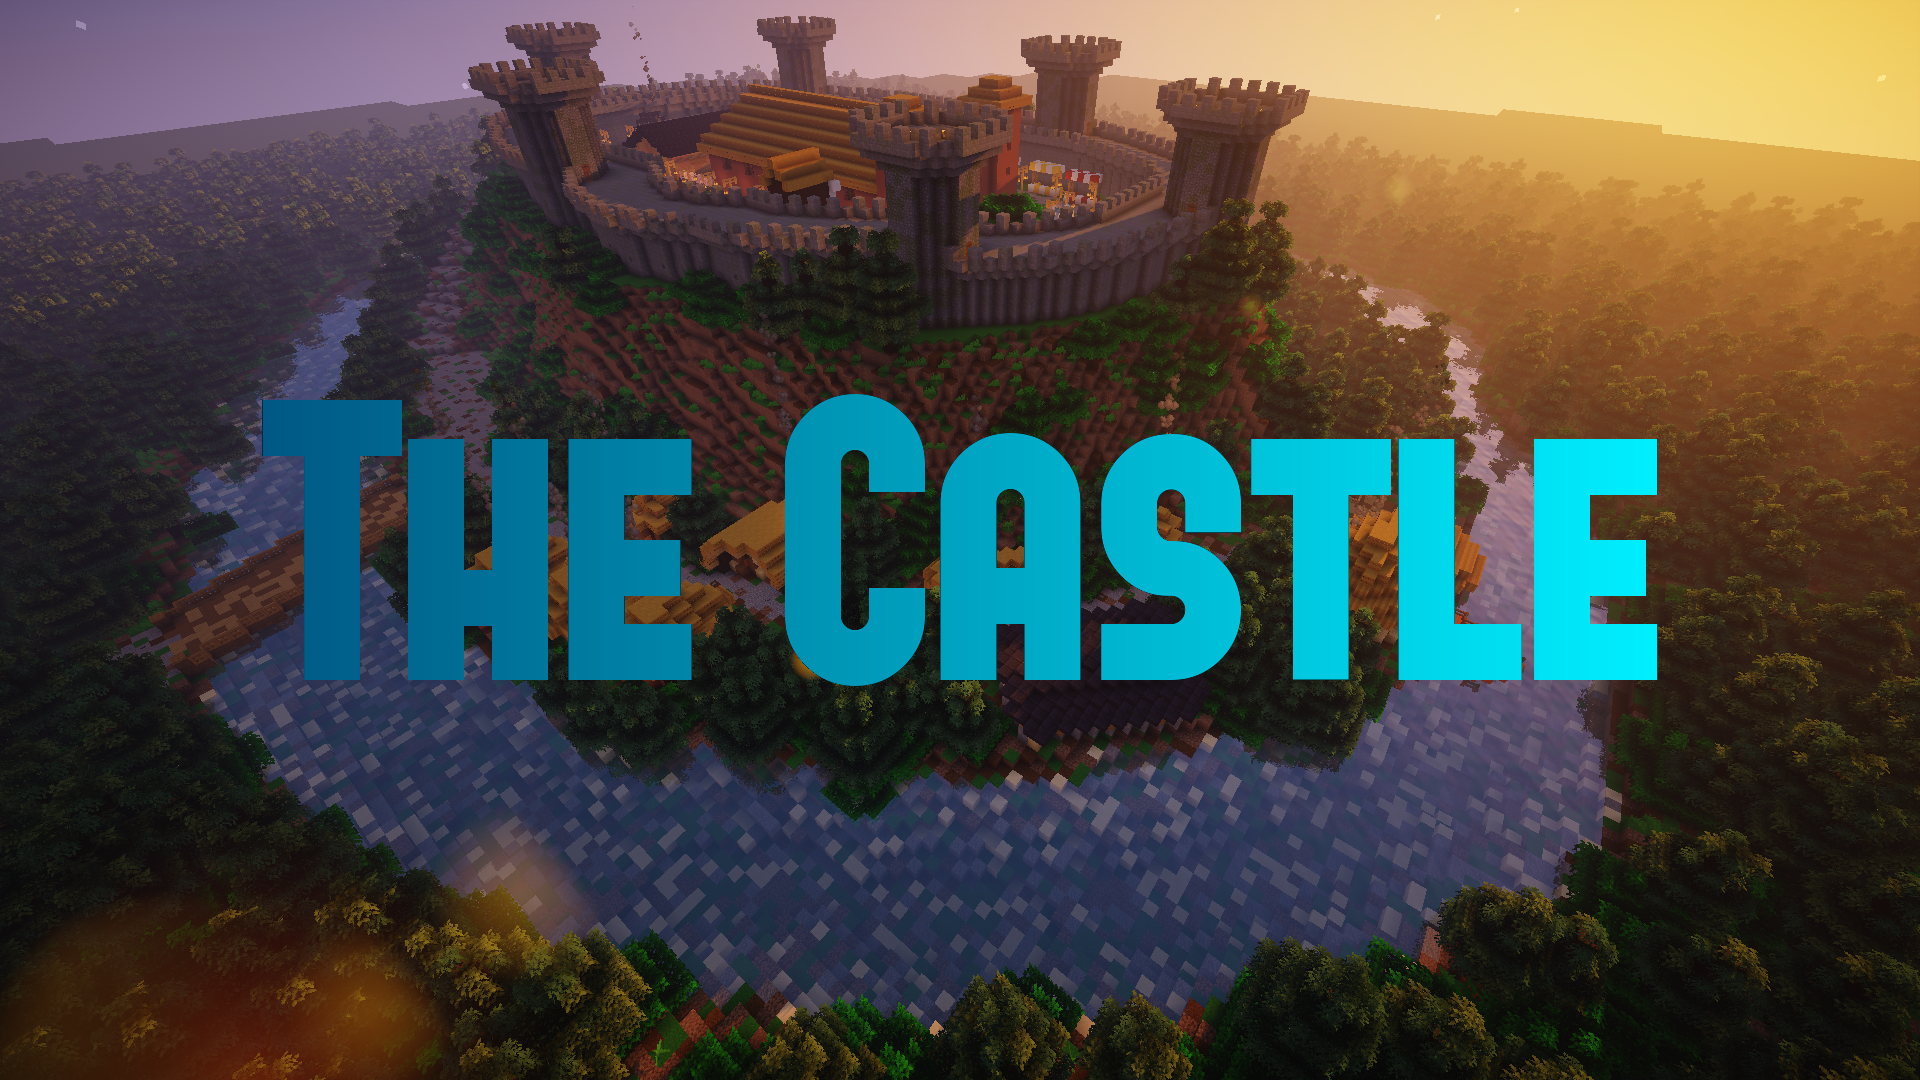 İndir The Castle için Minecraft 1.16.4
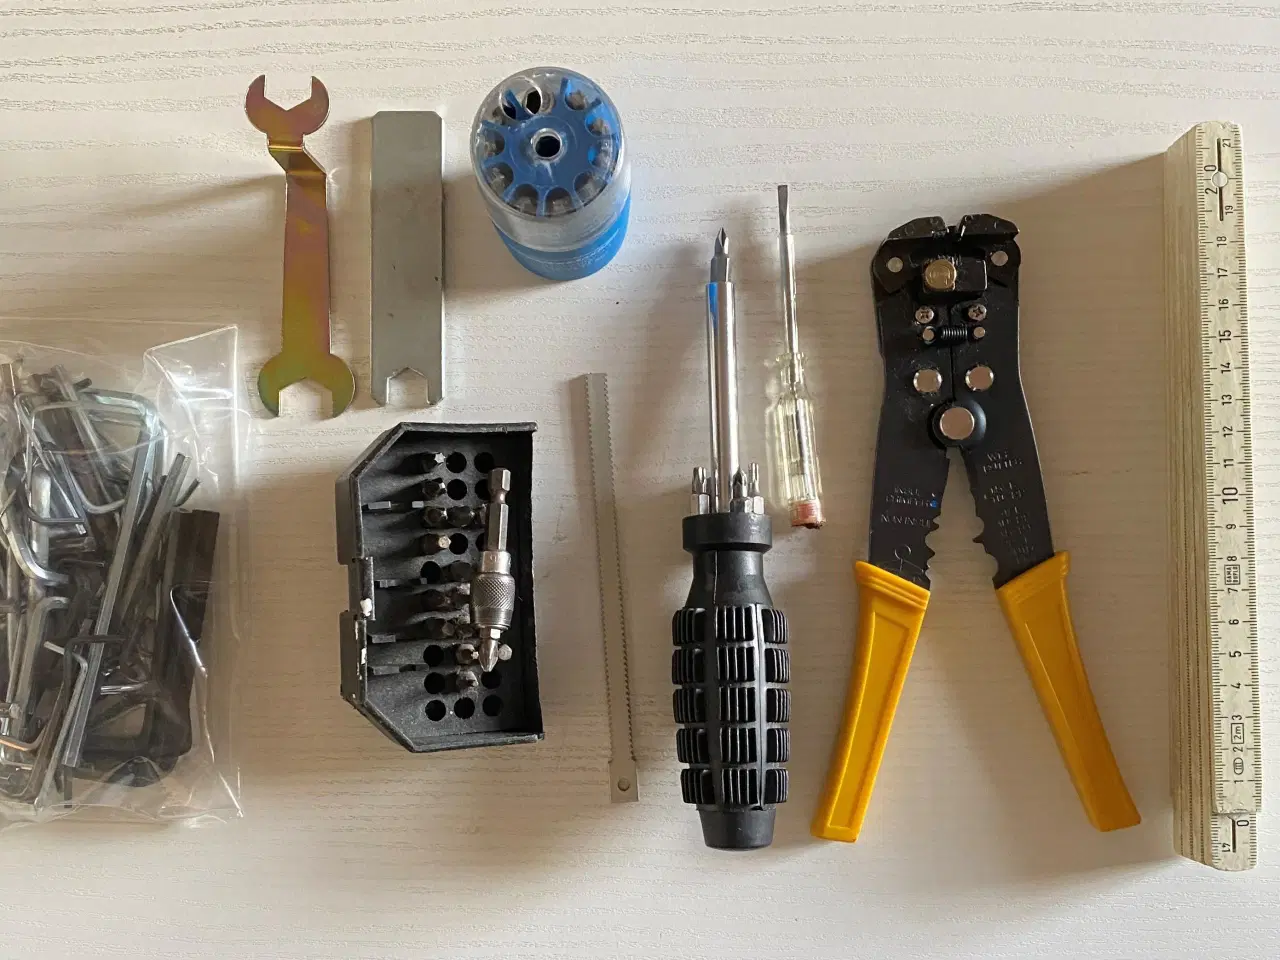 Billede 2 - Bits skruetrækker og umbraco-nøgler
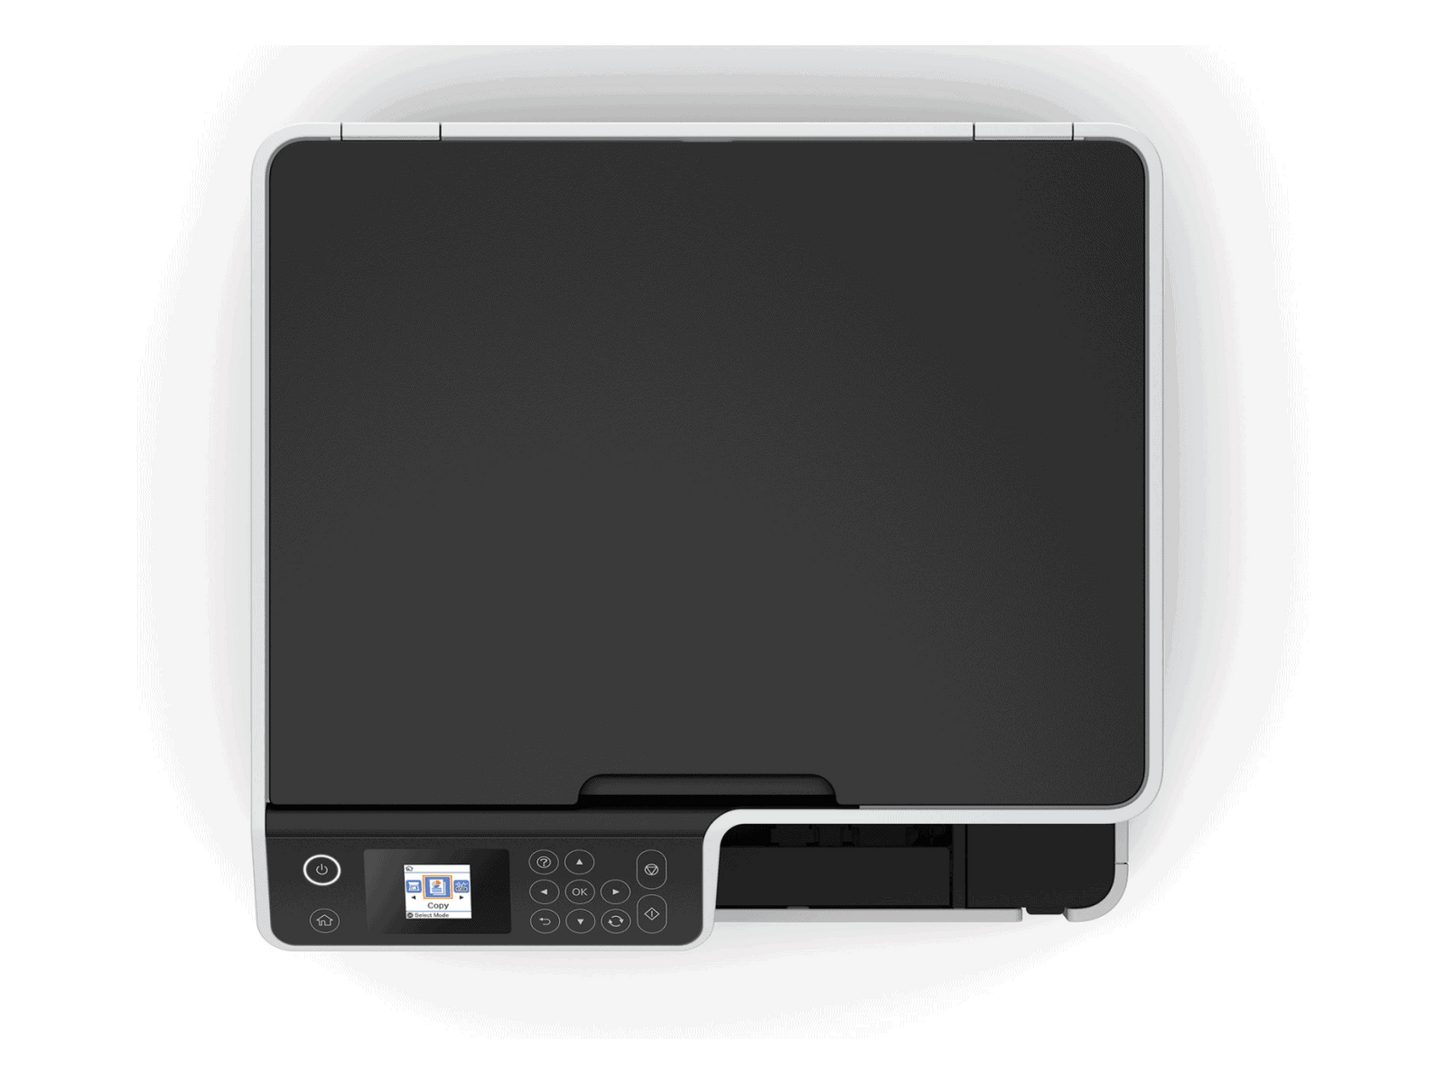 Epson Mono Ecotank M2170 3-in-1 Wi-Fi Printer

■ TASK TO COMPLETE:
Nothing but the lines from the line with "Billede 2 - Bits" through the last line of the listing should be copied, exactly and with both ends kept. Leave pictures out.

■ OUTPUT:
 Billede 2 - Bits skruetrækker og umbraco-nøgler
 Epson Mono Ecotank M2170 3-in-1 Wi-Fi Printer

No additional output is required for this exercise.